L'autore secondo i risultati della sua ricerca ha concluso che in generale
il supporto sociale non è correlato differentemente alle tre
dimensioni del burn out, nonostante, se ci si sofferma ad esaminare
l'interazione tra le diverse fonti si supporto sociale e le tre dimensioni
della sindrome, appaia che il sostegno in ambito lavorativo è
più strettamente correlato alla presenza della dimensione "esaurimento
emozionale", mentre le risorse esterne all'ambito lavorativo sembrano
maggiormente in relazione alle dimensioni "depersonalizzazione"
e "ridotta realizzazione personale".
L'autore riporta quanto affermato da Leiter (1993), secondo cui la "depersonalizzazione"

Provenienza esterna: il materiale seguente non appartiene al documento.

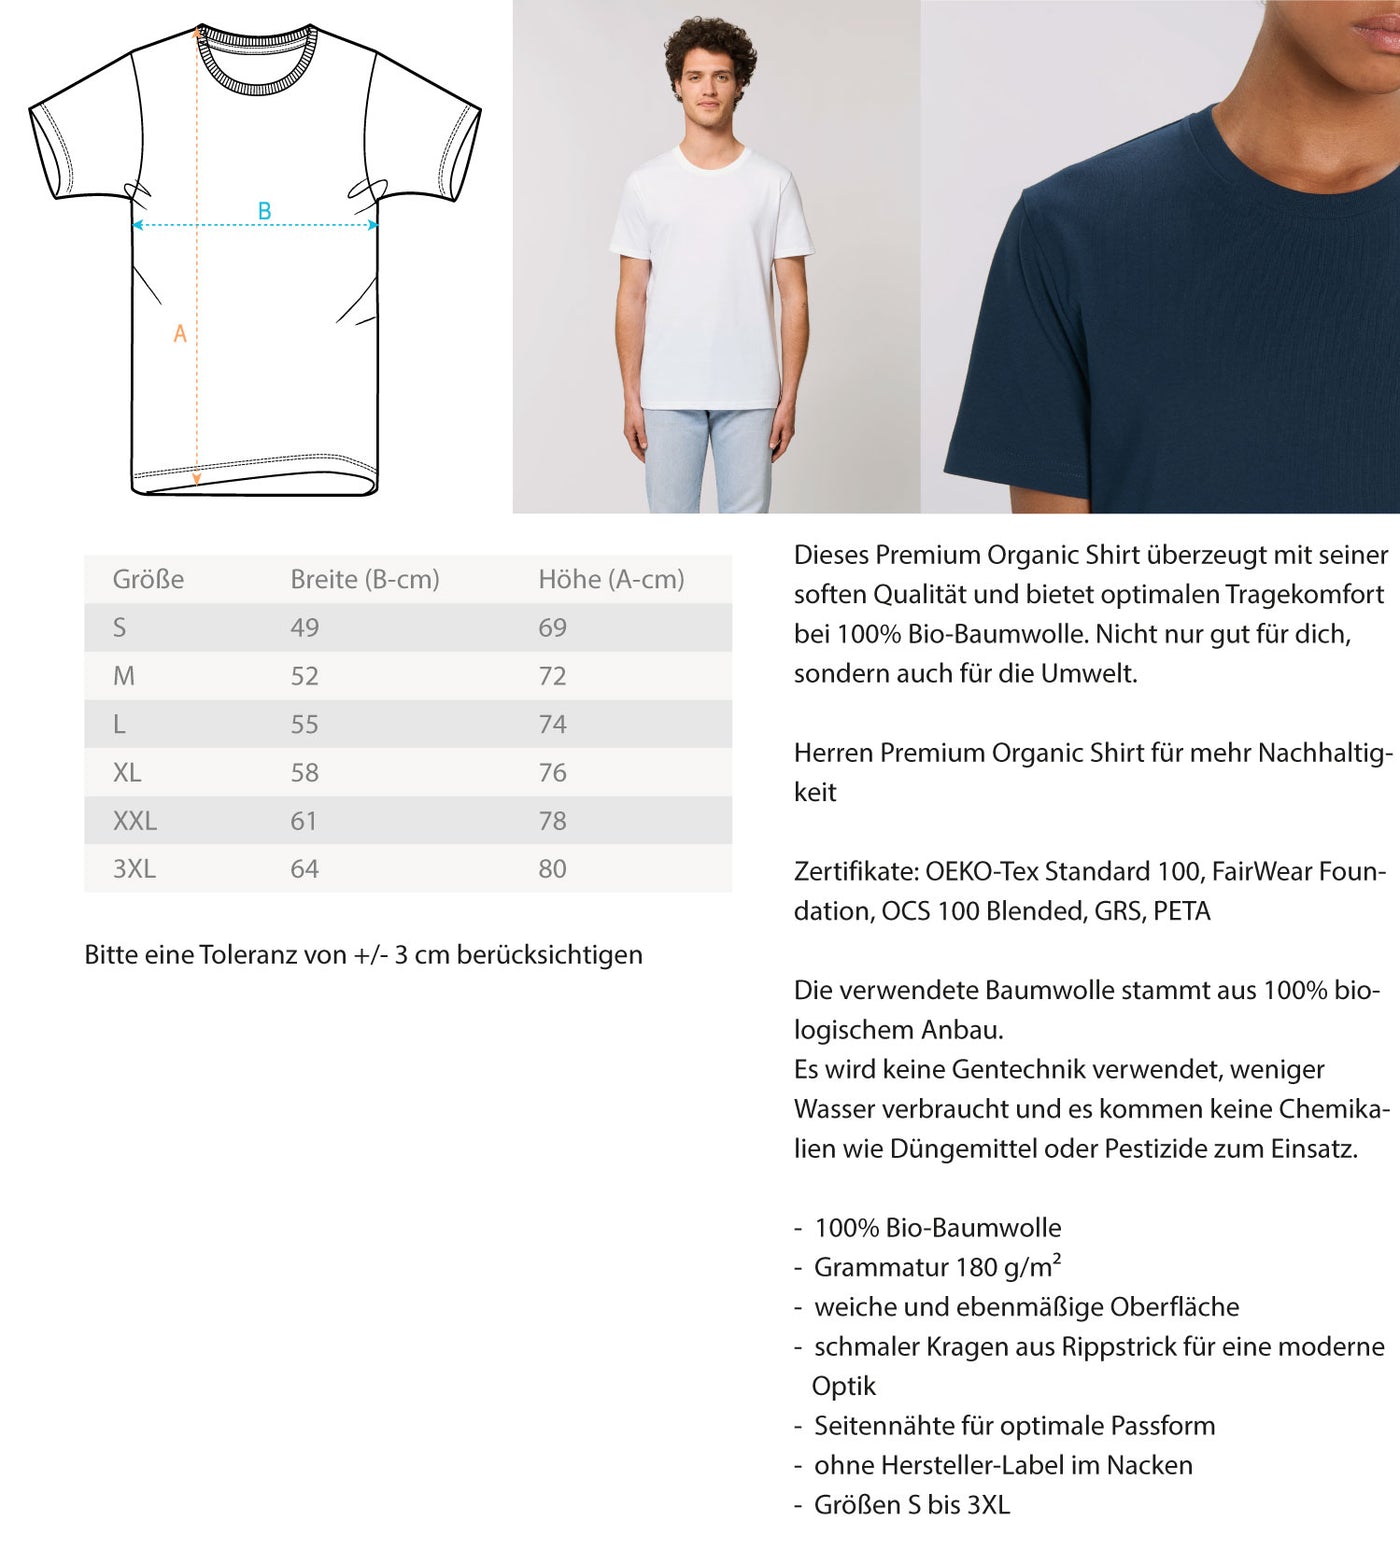 Wintersporteln - Herren Premium Organic T-Shirt

e "il ridotto senso di realizzazione personale" appaiono conseguentemente
alla prima comparsa dell'esaurimento emozionale, quindi quest'ultimo
elemento sarebbe strettamente legato alla risorsa del supporto sociale,
tanto che gli effetti del sostegno in ambito lavorativo hanno un'influenza
positiva diretta sull'esaurimento emozionale, contribuendo ad una sua
diminuzione e solo indirettamente, in un secondo tempo hanno un'influenza
anche sul senso di ridotta realizzazione personale e la depersonalizzazione.
In altri termini, l'individuo cercherebbe aiuto e sostegno all'esterno
dell'ambito professionale solo dopo aver raggiunto la fase della "depersonalizzazione
e del senso di ridotta realizzazione personale" in seguito alla
sperimentazione di un vissuto di esaurimento emozionale.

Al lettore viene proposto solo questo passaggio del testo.